In the low error regime, MAFFT can completely recover the data. The red curve in Fig. 2b shows the required sequencing depth for 100% recovery accuracy. In this regime, it increases approximately linearly as the error rate increases. At p = 8%, MAFFT only needs 70 reads. Since we only used the simple quaternary encoding and constraints, this means that MAFFT can achieve complete recovery with reasonably little copies and minimal loss in logical density. Therefore, MSA may be a crucial part of the optimal solution to a reliable, fast, and low-cost DNA storage application in the low error regime.
In the medium error regime, MAFFT can correct more than 90% of the errors with a modest sequencing depth (≤ 100). The various curves in Fig. 2b show that, at a given error rate, the needed sequencing depth to reach higher accuracy increases dramatically. For example, at error rate 13%, to improve the accuracy from 90 to 95%, the needed sequence only increases from 30 to 35. However, this number increases from 35 to 60 in order to improve the accuracy from 95 to 99%. Figure 2c shows the error correcting process of a sequence with 12% errors. We observe that a significant portion of errors are still synchronization errors even with increased sequencing depth. This suggests that increasing sequencing depth beyond 60 seems to have negligible effect on correcting the few remaining indels. At this point, gaining higher accuracy at the expense of sequencing depth and reading speed may not be an efficient strategy. Therefore, it would be a wise alternative to combine MSA with other means, such as markers, ECC, or constraints on encoding. We could let MSA correct the vast majority of errors under a feasible sequencing depth, and then let other methods handle the rest. For example, we could let MSA handle 99% and 95% of the errors at p = 12% and 14%, where the needed sequencing depth is about 50. As most of these errors are solved by MSA, the added redundancy will be significantly reduced and thus still achieve a relatively high logical density approaching 2 bits/nt.

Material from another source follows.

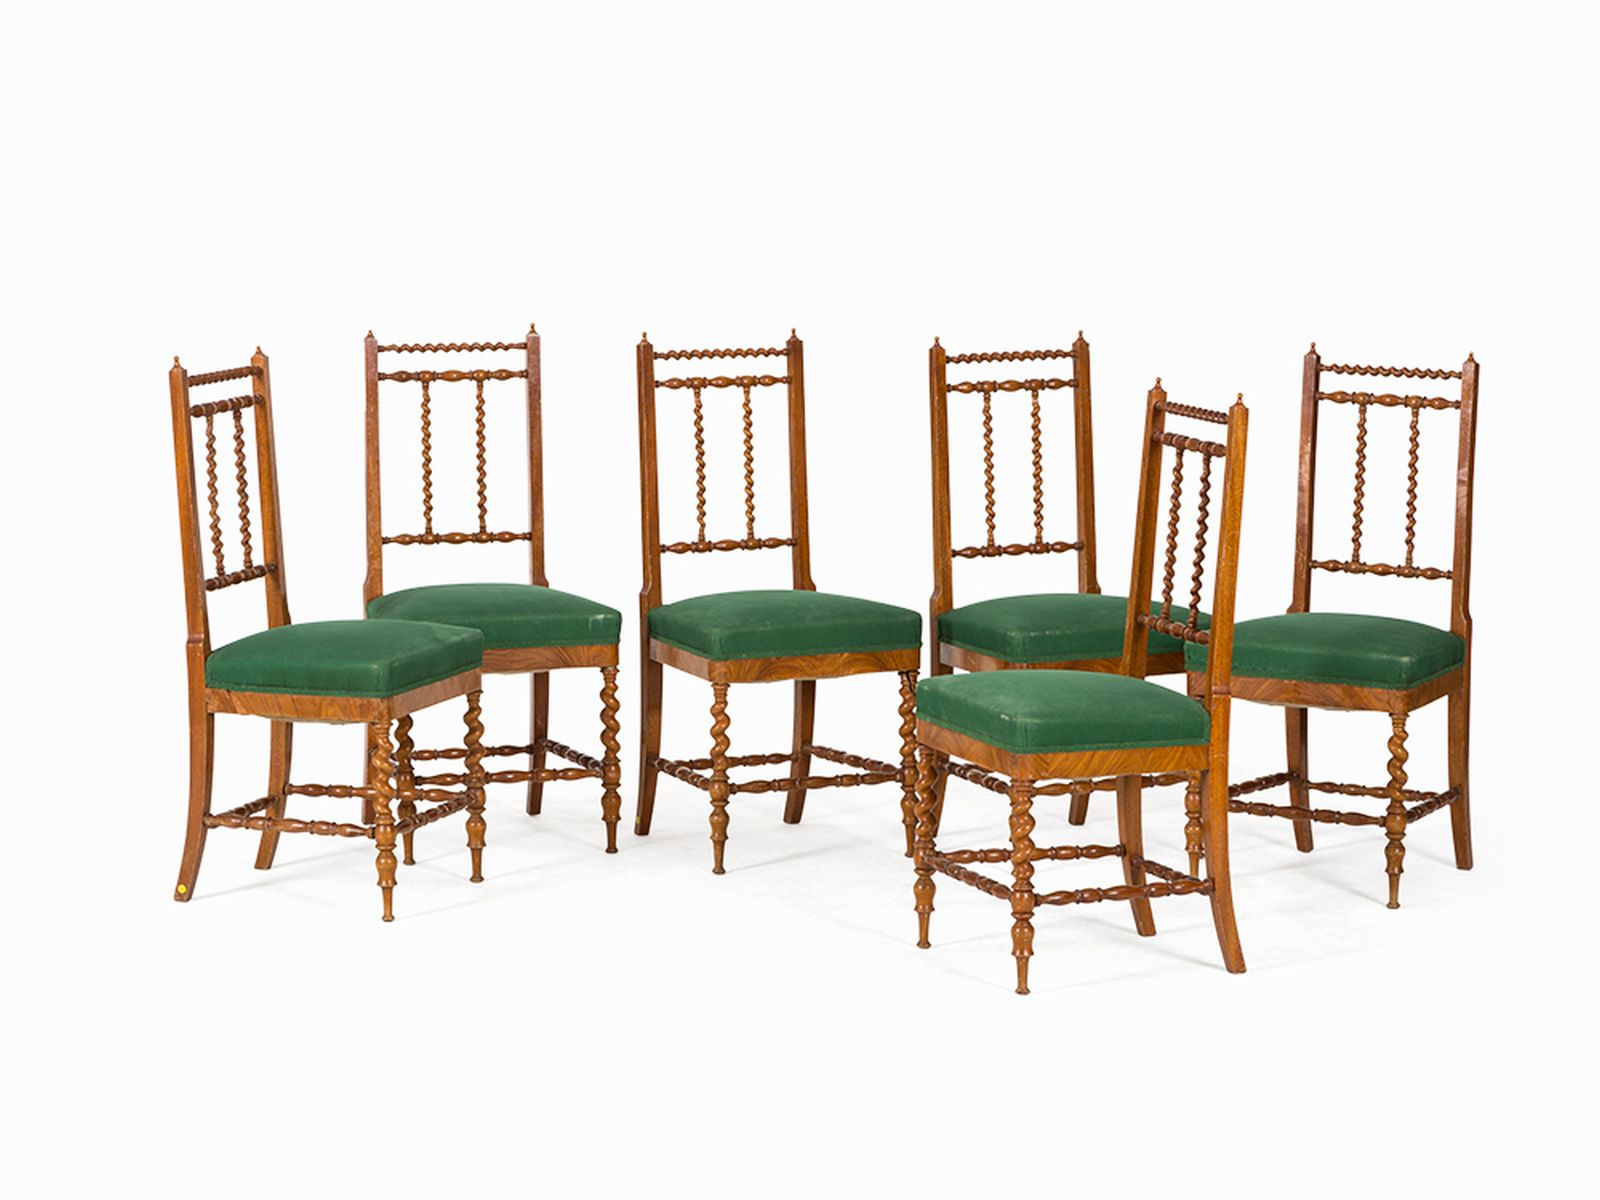 #167 Set of 6 Chairs, Italy, Mid 19th C. | Satz von 6 Stühlen, Italien, Mitte 19. Jh. Image
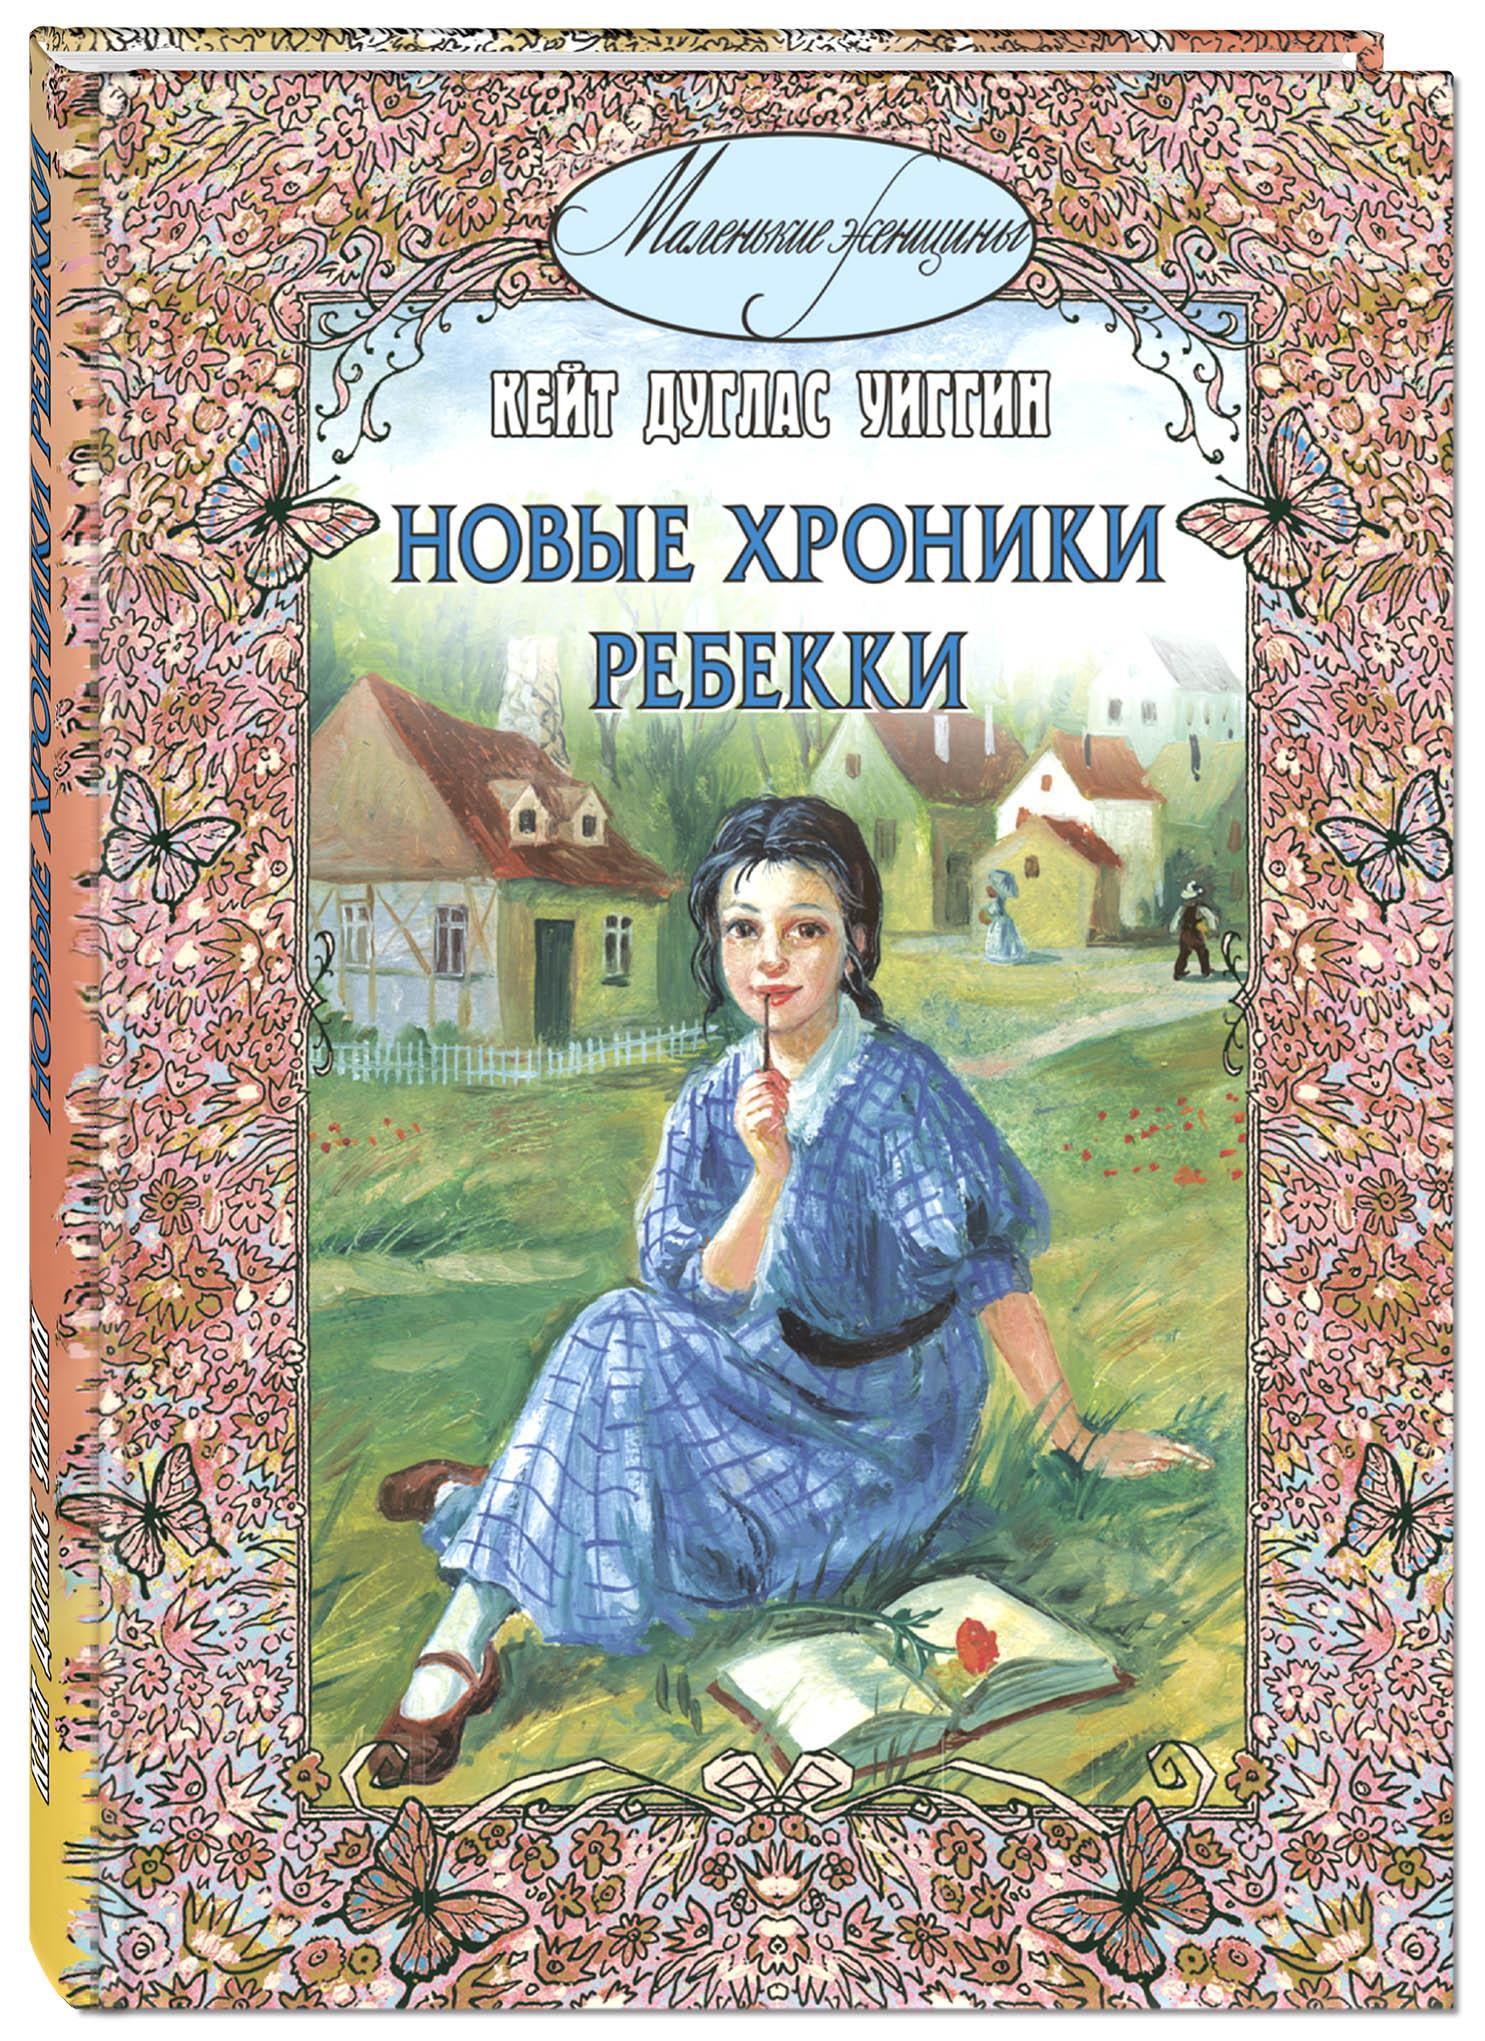 Кейт Дуглас Уиггин Новые хроники Ребекки

Impact of clustering accuracy
The error correction capability of MAFFT is robust to imperfect clustering. In our simulation experiment, each cluster has 100 reads and we experiment with 0%, 20%, and 40% of these reads being noisy sequences, which correspond to cluster accuracy of 1, 0.8, and 0.6 in Fig. 3, respectively. Additionally, Fig. 3 shows the average recovery accuracy at 10%, 12%, and 14% error rates after repeating the experiment 500 times. Although the average recovery accuracy slightly decreased when we added noisy reads, they are all still greater than 0.95 even when the clustering accuracy is as low as 0.6. This may be explained by the post-alignment voting process’s ability to retain the conserved information and filter out most of the noises. That is, MSA could maximally utilize the reads’ information, even if they contain some noises.
Decoding performance on a real dataset
To test the ability of MAFFT on real data, we download a real dataset (https://github.com/microsoft/clustered-nanopore-reads-dataset) published by Microsoft group . It contains 10,000 DNA sequences of length 110 synthesized by Twist Bioscience and amplified using polymerase chain reaction. The final clustered file contains 269,709 noisy nanopore sequencing reads. In order to correct errors, they added some marker repeat (MR) codes in the original binary data and then translated them into DNA sequences according to a quaternary code (00-A, 01-T, 10-G, 11-C). It is estimated that the percentage of insertions, deletions, and substitutions are roughly about 1.7%, 2%, and 2.2%, respectively.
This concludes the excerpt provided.